The article explains that Fragile X and autism may present differently, with autism showing a broader range of repetitive behaviors or restricted interests. The leading theory for the cause of Fragile X syndrome is synaptic dysfunction, which involves disruptions in protein synthesis.
The prevalence of Fragile X ‘premutation’, defined as having 55 to 200 CGG repeats in the FMR1 gene, is unknown as carriers may not exhibit outward signs. Estimates suggest that 1 in 148 to 1 in 291 women and 1 in 290 to 1 in 855 men in the US have premutations. Some women with premutation develop fragile X-associated primary ovarian insufficiency, triggering early menopause, while both men and women may develop fragile X-associated tremor/ataxia syndrome, which causes tremors and cognitive problems.
Mouse and rat models of Fragile X syndrome have been developed by deleting the FMR1 gene. These models show abnormal responses to social stimuli and alterations in the prefrontal cortex, which is involved in social cognition. However, the applicability of insights from these models to humans with Fragile X syndrome remains uncertain, as behaviors in FMR1-deficient mice often differ from those in humans.
Currently, there are no approved drugs for treating Fragile X syndrome. However, several candidate drugs, such as arbaclofen and mavoglurant, have shown promise in restoring protein production and improving learning and memory in mutant mice. Clinical trials for these drugs have not been successful, possibly due to inappropriate markers of effectiveness or limited response in older individuals. Researchers are now testing mavoglurant in young children with fragile X syndrome, paired with intensive language intervention. Lovastatin, a cholesterol-lowering drug, is also being tested for its ability to reduce seizures in fragile X mice, and another drug targeting the enzyme PDE4D shows potential in improving social behaviors in mutant mice.

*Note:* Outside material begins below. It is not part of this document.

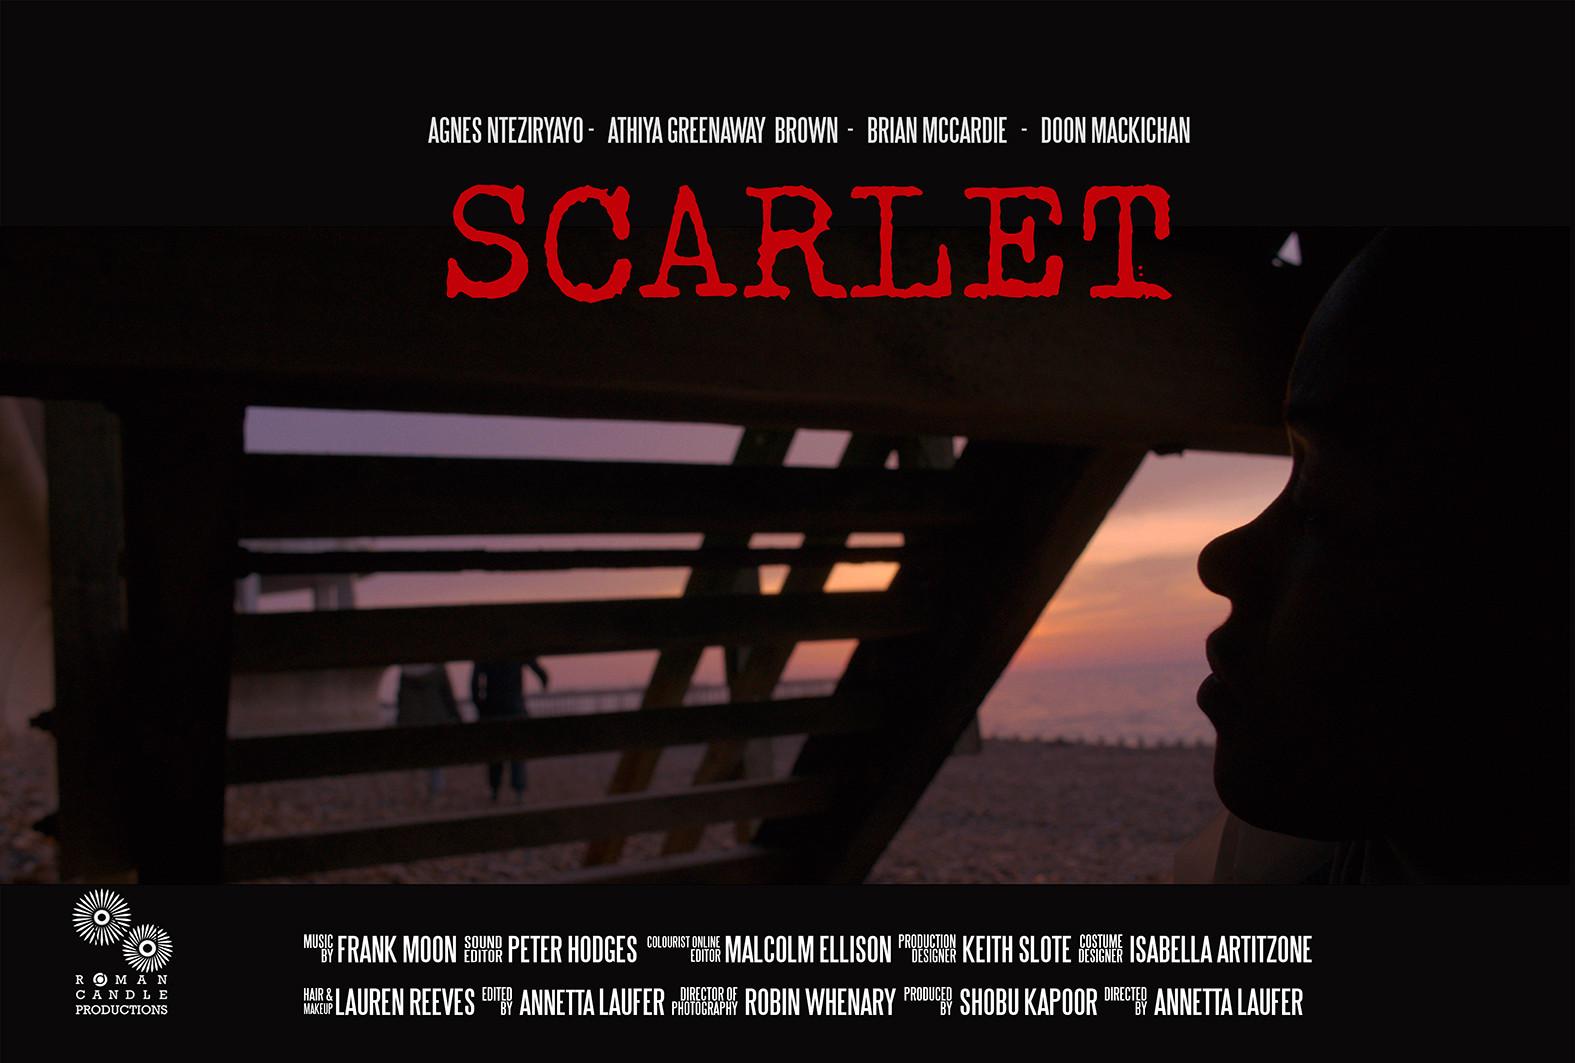 scarlet_filmposter40x27_100ppi_23sept17.

Future steps in the field include developing reliable outcome measures for clinical trials and investigating promising drug candidates. Researchers are focused on developing outcome measures and understanding the functions of FMRP to repair the mutation associated with Fragile X syndrome. In a recent study, researchers successfully used gene-editing to remove CGG repeats in cells from a person with Fragile X, leading to restored FMRP expression at 90% of normal levels.
Overall, this article highlights the latest developments in autism research, specifically regarding Fragile X syndrome’s link to autism and potential treatment options.